# Holy S*it I hate politics, and being 23



## Aimlessfakedrifter (Apr 7, 2020)

Tell me about your experiences in your early 20's and how it turned around in your latter years thanks. Preference for the poop stories that are comical, but not opposed to triumphant stories either.


----------



## AWP (Apr 7, 2020)

You're still growing and learning who you are as a person. The company you keep right now is crucial to your developing worldview because you'll typically hear one side of an argument and peer pressure really shapes you.


----------



## Aimlessfakedrifter (Apr 7, 2020)

AWP said:


> You're still growing and learning who you are as a person. The company you keep right now is crucial to your developing worldview because you'll typically hear one side of an argument and peer pressure really shapes you.


    I thoroughly agree, but how fine is the line between the "being the bad company" and "around the wrong people"? Because when I'm around a whole bunch of overachievers I always feel like the outlier. *insert excuse*


----------



## RustyShackleford (Apr 7, 2020)

Hmm, by the time I was 23 I was on my second enlistment.  Wrapped that one up and extended for a year. Took an Afghan vacation at age 25 and left the army at age 26. Worked a variety of odd jobs and took the occasional college class until the man hired me for this thing I’ve been doing for the last 15 or so years.

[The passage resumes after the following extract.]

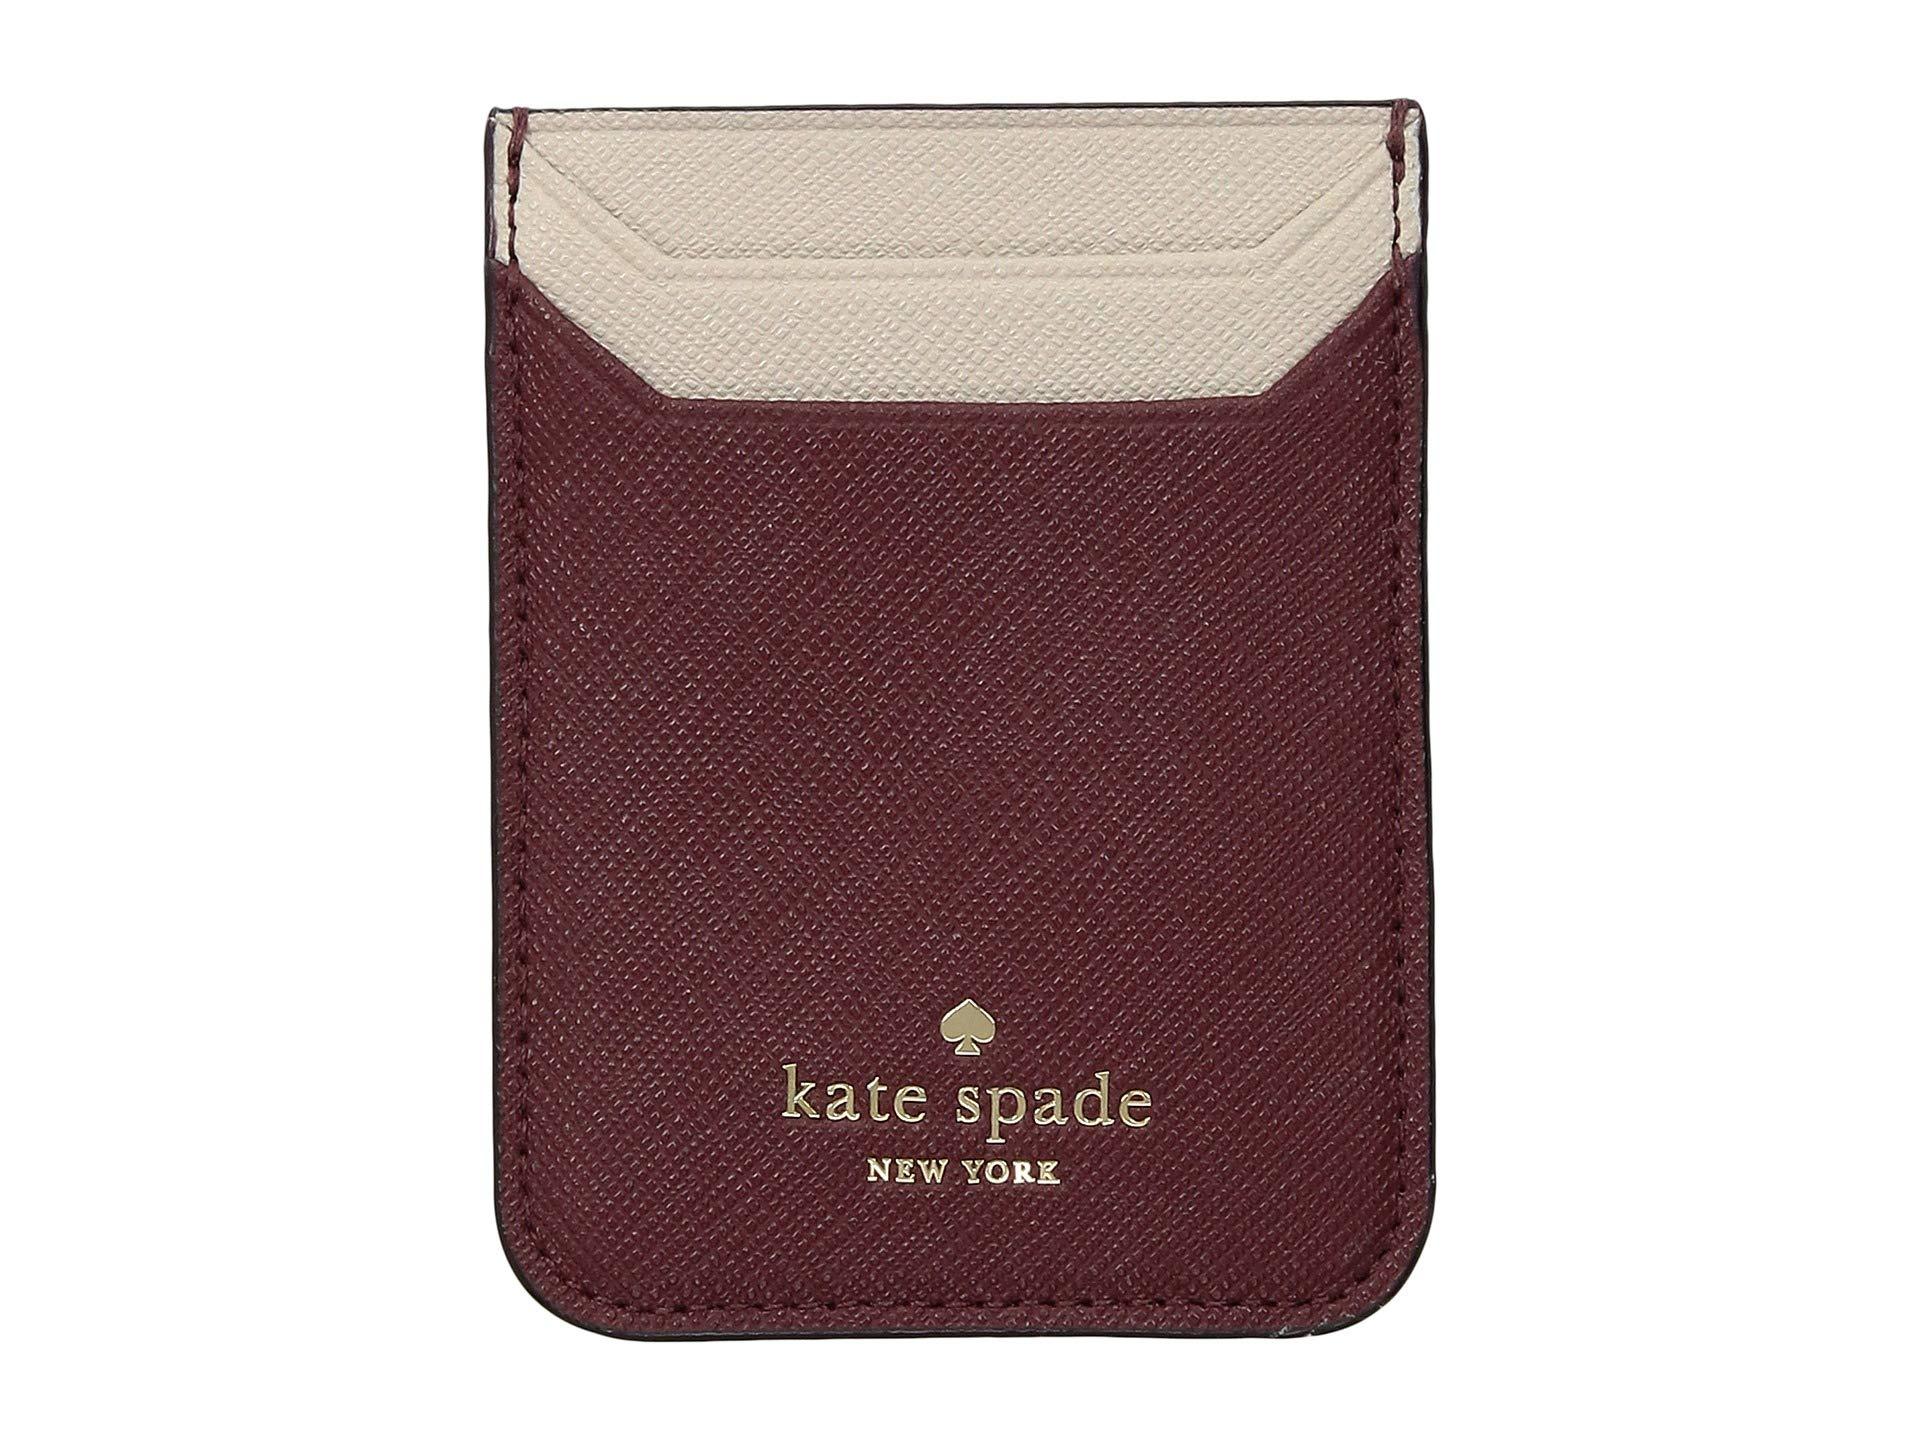 Spade Triple Kate Sienna Sticker York New tusk Pocket vtzgzqdxw
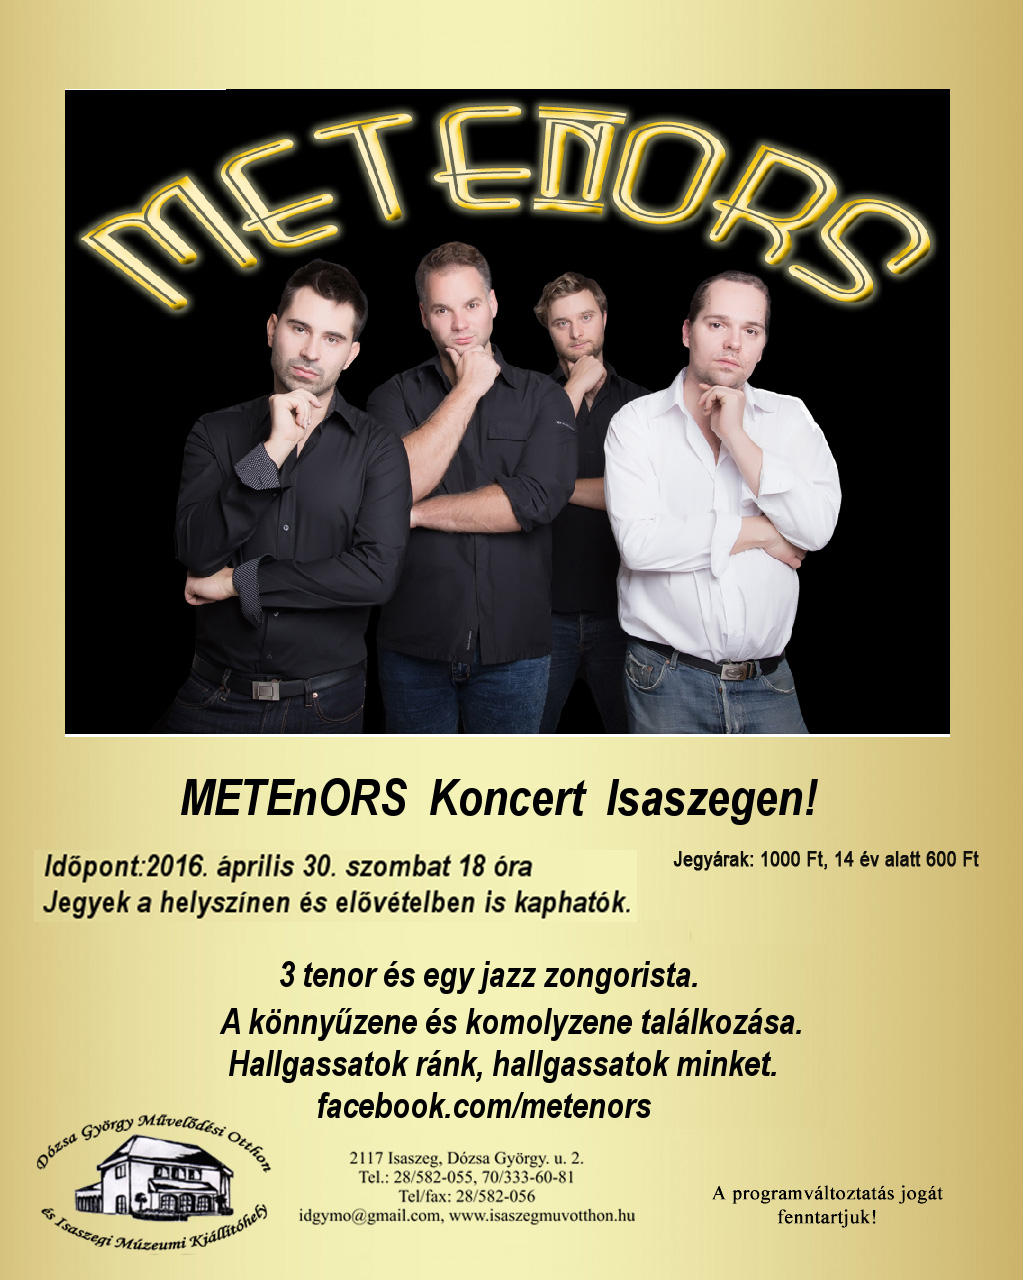 MeteNors

None of it really makes a fuck (“makes a fuck” was something one of my drill sgts said in basic training, it always makes me laugh, 24+ years and counting).  I prefer to be around people who are better than me, at everything. It makes me push myself that much harder. Mediocrity breeds mediocrity.


----------



## Brill (Apr 7, 2020)

I spent 18 months of my early 20-s learning a foreign language and then how to use it in the military. By the time I was 22, the President made nice with Yelstin and my newly acquired skills weren’t needed so I went back to learn another language to stay relevant. In my late 20-s, same POTUS got some oral in his Oval and stained a dress, so I was sent back over to burn holes in the sky for “good ol’ shoe” (movie ref).

I never “turned it around later” but rather found something I was good at and could earn a few bucks so I’ve been doing since I was twenty something. Not being a dipshit and thinking I was special kept me out of the trailer park and dumpy little town, where I graduated from.


----------



## Devildoc (Apr 7, 2020)

I was a teen when Reagan was president.  His presidency shaped my political views more than any other president.  I remember Carter's presidency and how fucked up that was.  I had always been pretty conservative ideologically, but really more libertarian than anything.  Getting older just reinforced it.


----------



## Brill (Apr 7, 2020)

Devildoc said:


> I remember Carter's presidency and how fucked up that was.



Fucking lines for gas!..when the station had it!


----------



## Grunt (Apr 7, 2020)

lindy said:


> Fucking lines for gas!..when the station had it!



Yep...the good ole' odd and even days -- at least that's how it was handled in my AO....


----------



## Steve1839 (Apr 7, 2020)

At 23, I was in the Q course, having escaped the 82nd Airborne Division...married, taking life a day at a time, an event at a time...the only thing that turned around in my latter years was that I went to OCS when I was 26...


----------



## Dame (Apr 7, 2020)

Devildoc said:


> I was a teen when Reagan was president.  His presidency shaped my political views more than any other president.  I remember Carter's presidency and how fucked up that was.  I had always been pretty conservative ideologically, but really more libertarian than anything.  Getting older just reinforced it.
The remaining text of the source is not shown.